For many politicians, the allure of the Senate is its relatively sane pace. It means one election every six years, rather than the two years for House members or the four years most governors face.
Not for Arizona’s Martha McSally, who is moving from the House to the Senate next year and continues what will in effect be an almost-five-year campaign. One Republican fundraiser only half-joked that McSally’s need for campaign cash would make her a very familiar name on donors’ call sheets.
McSally lost a narrow Senate race in November to Democratic rival Kyrsten Sinema. On Tuesday, Arizona Gov. Doug Ducey appointed McSally to the seat once held by Sen. John McCain, who died in August. (Former Sen. Jon Kyl had been serving the seat on an interim basis.) McSally will fill the Senate seat until 2020, when a special election will be held to decide who serves until the term ends in 2022, when McSally is expected to yet again be on the ballot.

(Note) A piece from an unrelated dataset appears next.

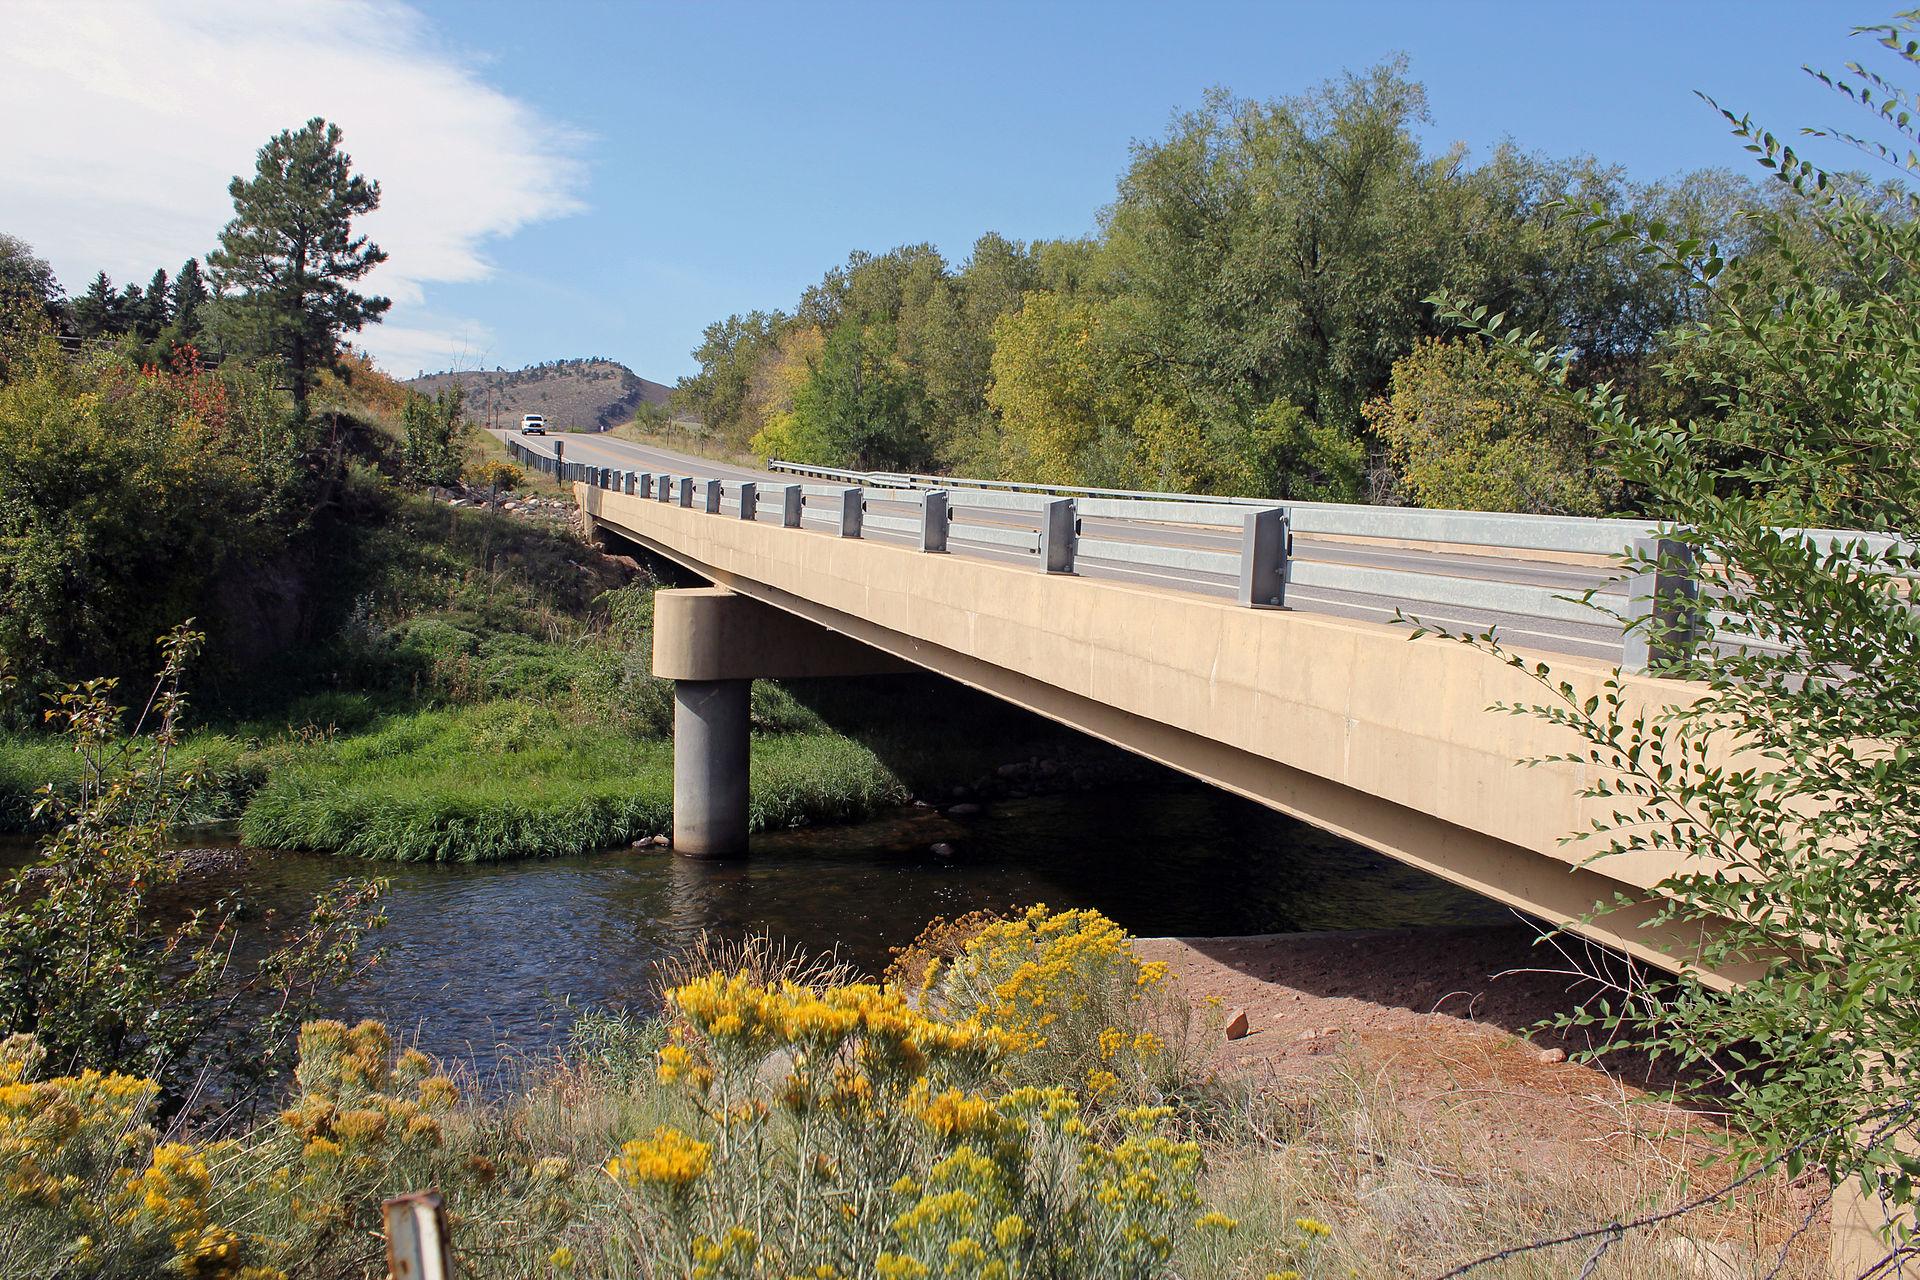 bridge on the river - photo #30

That’s three Senate races for McSally in a state that might be one of the trickiest right now in U.S. politics.
Arizona blends the American West’s streak of independence and moxie with a long tradition of conservative values. But it stands apart from other Republican-leaning states in that it has less of the anti-immigrant zeal that colors its peers. Its booming economy is powered in large part through newcomers. It was the home base for McCain, a self-styled maverick who twice ran for president, as well as conservative stalwart Barry Goldwater, another White House hopeful whose ideology rebooted the modern GOP. And yet, it is a place where President Donald Trump has deep pockets of support, making McCain’s objections to Trump’s unorthodox approach to the job all the more troublesome for both.
All of which make McSally’s role going ahead all the more interesting, especially given she will be the 25th female Senator in a chamber of 100. During her campaign, McSally tied herself into a pretzel to trying to shed her Never Trump image from 2016 and repositioning herself as a MAGA warrior for 2018. A spirited primary dragged her rightward and she stayed there, eventually enlisting Trump to hold a campaign rally for her in October. She held McCain and his legacy at arm’s length, going so far as to avoid using the title of a bill named for him — a move that left members of the McCain orbit bristling. (She has since apologized to the McCain clan, Republicans say.)
The embrace of Trump, though, backfired, and state Republicans lost a seat they had held for three decades. On Election Day, about 185,000 voters cast their ballots for Republican Gov. Doug Ducey while also backing Sinema.
But McSally, a decorated Air Force combat pilot, is heading to the Senate regardless. She remains a personal favorite of Senate Majority Leader Mitch McConnell, who has his own complicated relationship with this President. McConnell is facing a challenging 2020 map for Republicans to hold their majority, and McSally will once again be a priority for the national GOP.
But if 2018 was hard, running again when Trump is on the ballot as well in 2020 could prove even trickier. And should she succeed, she may find the 2022 elections — which will be the midterms of either a second Trump term or an as-yet-undetermined Democrat — trickier still.